EXTERMINATION Service at Montreal, Boucherville, Longueil, Brossard & Laval 514-561-8933
Rats Extermination


Norway rats (or sewer rats) are the largest rodents (32 to 46 cm) living in a close relationship with humans. Their brownish-grey coat becomes paler on their underbelly and their tail is shorter than their body. The white rats used in laboratories are an albino variety. In the U.S., British Columbia, and some harbour cities in Eastern Canada, you can also find roof rats. The latter have a slimmer body, larger ears, and a tail that is longer than their body. Roof rats manage to cohabit with Norway rats because they often prefer higher structures and trees. In the wild, you can also find the much larger common muskrats (48 to 64 cm) associated with wet environments, as well as hairy-tailed moles and star-nosed moles that dig tunnels in the ground. These species are not part of the family of Muridae that includes rats and common mice.


Although Norway rats can shelter in tree cavities, walls or near sewers, they prefer to dig tunnels in the ground. They prepare a central chamber (45 cm below the surface) where they build a bowl-shaped nest of twigs, paper or fabric that helps insulate them and absorbs moisture. They also dig two or more emergency exits which they cover lightly with soil or camouflage under debris.
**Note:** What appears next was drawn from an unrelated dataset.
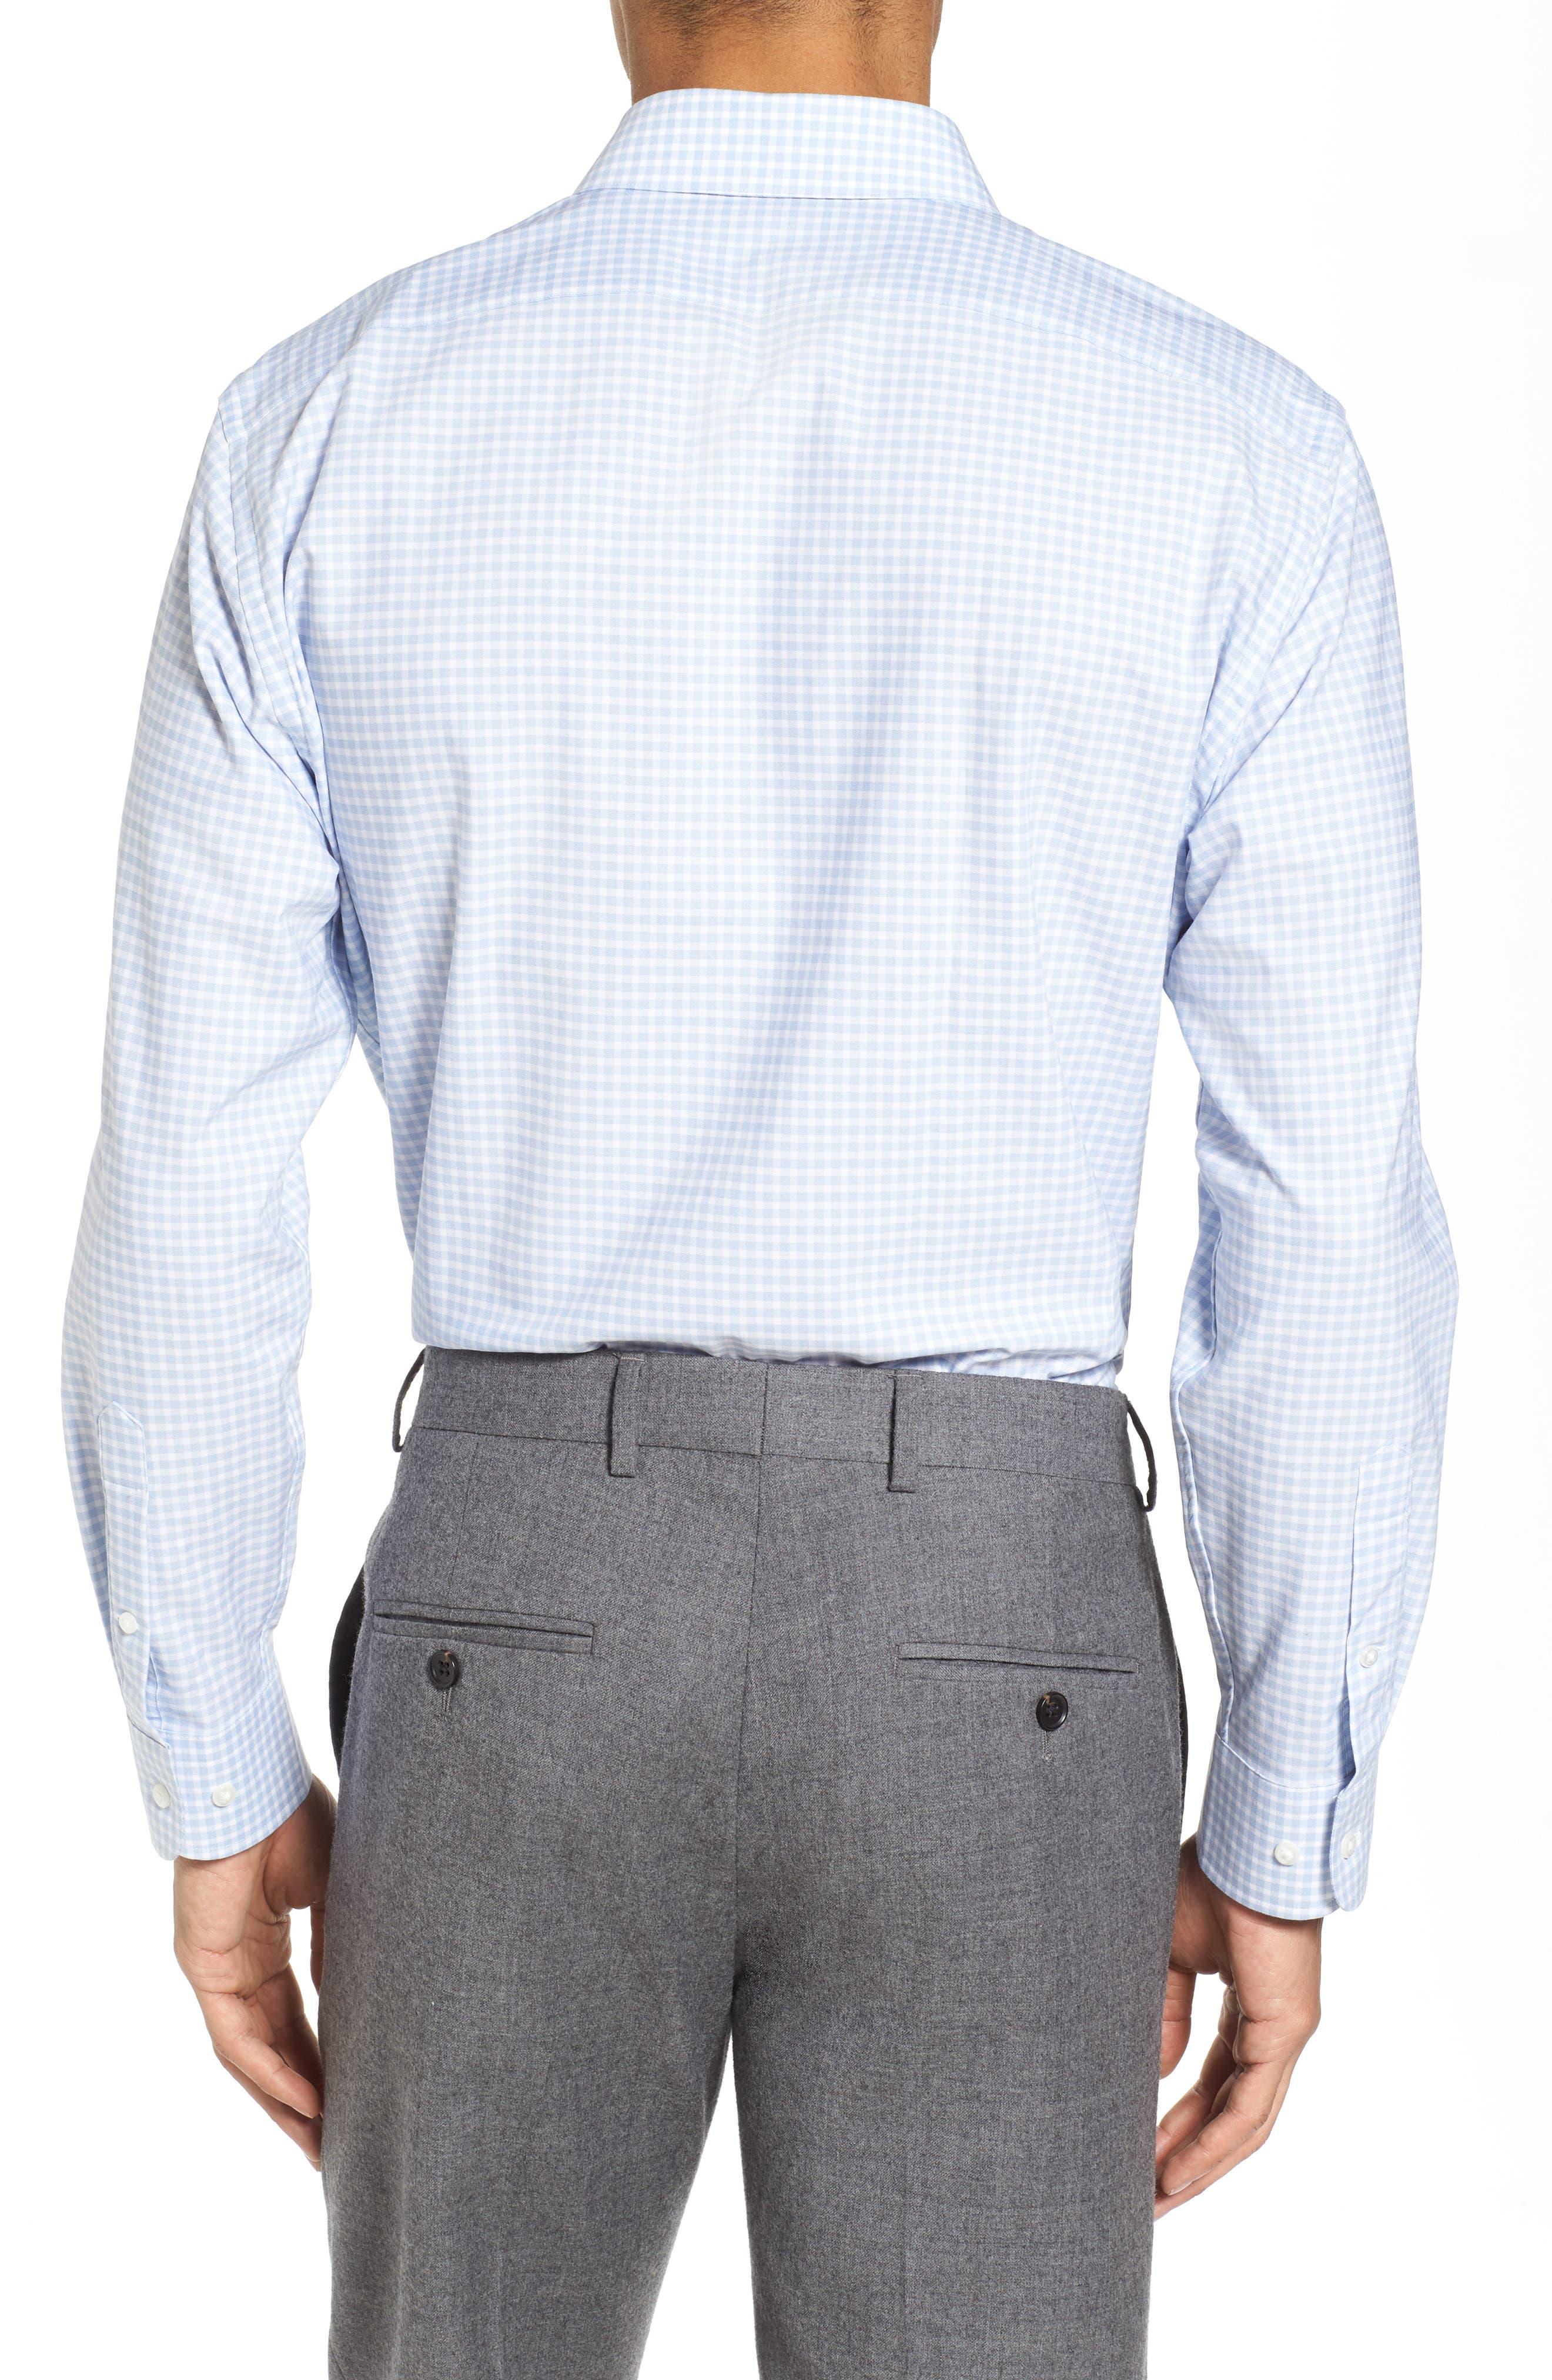 Tech-Smart Trim Fit Stretch Check Dress Shirt,                             Alternate thumbnail 3, color,                             Blue Brunerra

Mating takes place primarily in the spring and fall. Female rats can have three to 12 litters per year, each with an average of 7 to 8 young. They do not all survive, and the female only weans 12 to 56 per year. They are born hairless and with closed eyes. Female rats can mate again a day or two, or even hours, after the young are born. The offspring learn to prefer or avoid certain foods by the taste of their mother’s milk and by observing the female. They quickly become independent and reach maturity when they are about three months old.
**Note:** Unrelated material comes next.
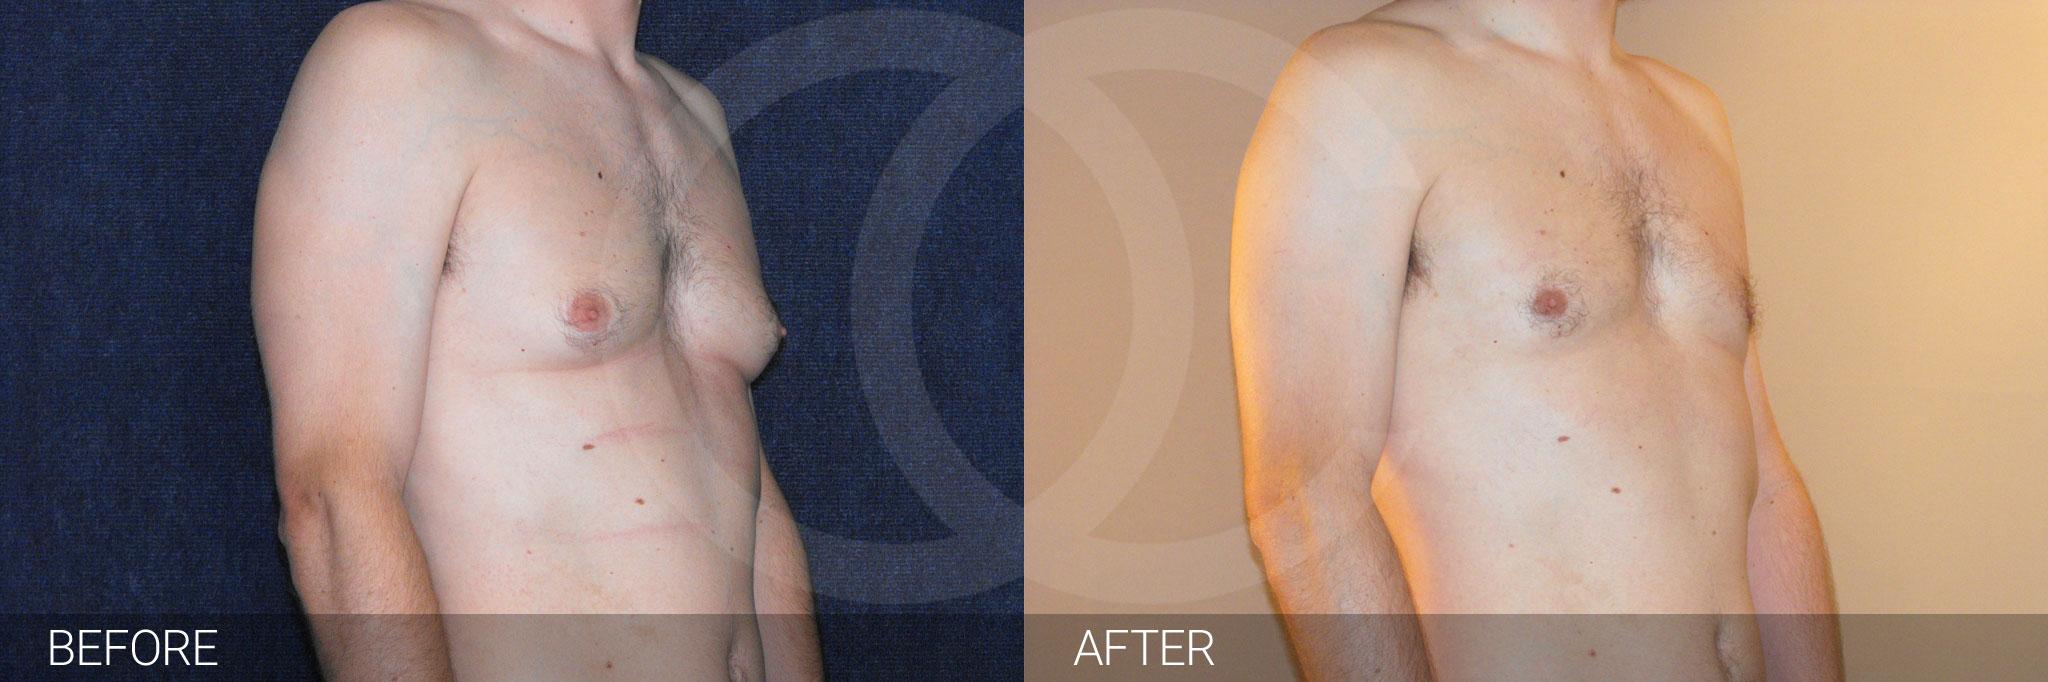 Gynecomastia with liposuction ante/post-op II

Norway rats are active before sunrise and after sunset, but seem to be nocturnal only as a way of self protection; they can be seen during the day. To find nourishment, they can climb, jump (at least 0.9 meters vertically), swim, and chew on wood, asphalt, plastic, lead, aluminum or copper. They search for food and water in a 30 to 45 meter radius and rarely venture more than 100 meters from their burrows. They consume a daily average of 15 to 30 g of a variety of foods (vegetables, fruits, cheese, meat) but, when given the choice, they prefer grains. Rats often eat their fellow rats when their population level becomes too high. Their diet in the wild includes, among other things, insects, birds, fish, lambs and piglets, as well as excrement of other animals, through which they pick to remove undigested food particles. They look for a source of water and drink 29 to 59 ml every day – less if their food contains water – and they will get by with human urine if there is no other choice. Rats usually follow the same path and explore it to memorize each object along the way since they fear novelty. It appears that they are unable to distinguish colours.

Places where they can be found in the home

Rats do not actually nest in sewers, but use them as pathways to pick up food. Their presence in a house can be the result of inadequate or defective plumbing, a break in a sewer line caused by excavation or the roots of a tree invading a small opening.

There are a number of signs to alert us to the presence of rats such as their noise, teeth marks (3.5 to 4 mm wide) or entrance holes at least 5 cm in diameter. A greasy trail (caused by their dirty or oily coat) may also be visible at the base of walls, along the route they follow. Their urine phosphoresces when illuminated by ultraviolet light.

You can suspect an infestation when you find excrement (2 cm long and more or less rectangular) that is not recent, or when wood, electrical wires or other materials have been gnawed. You can spot rats during the night using a flashlight.

When there is a large number of rats, you can see fresh excrement and tracks (that would not be visible for a long time) left by their feet (2 to 4 cm) or tail (4 to 5 mm wide).

Rats consume and contaminate a variety of foodstuffs and damage the containers. They often live close by food left for animals, and can even live under doghouses and come out of their burrows when the animal is elsewhere. Holes (7.5 cm in diameter) leading to their tunnels can sometimes be seen outdoors, close to walls, doghouses or feed troughs, but the holes are often hidden by debris. Rats can also be found around dumps or attacking harvests and places where the harvests are stored.

Prevention methods

To prevent them from getting in, block all openings larger than 1.3 cm with materials such as mortar or galvanized sheet metal. But even if you prevent them from entering a building, their numbers will not decline if they can dig into the ground for shelter and have access to a source of food. Using sturdy containers to store food and practicing strict waste and trash management will reduce the amount of available food and shelter. It is best not to put trash outdoors too early. Above all, avoid making food available for them. You can also take steps to make sure they do not have access to pet food or easy access to a water supply – by repairing leaky faucets, for example.

If their food and shelter is not reduced, the population can rise again, even after some of the rats are killed off, because the females will then have more offspring per litter, therefore, more will survive.

Placing gravel around the outside of the house so that rats cannot dig their tunnels is also recommended. In addition, surrounding weeds and debris should be removed to minimize the number of potential shelters.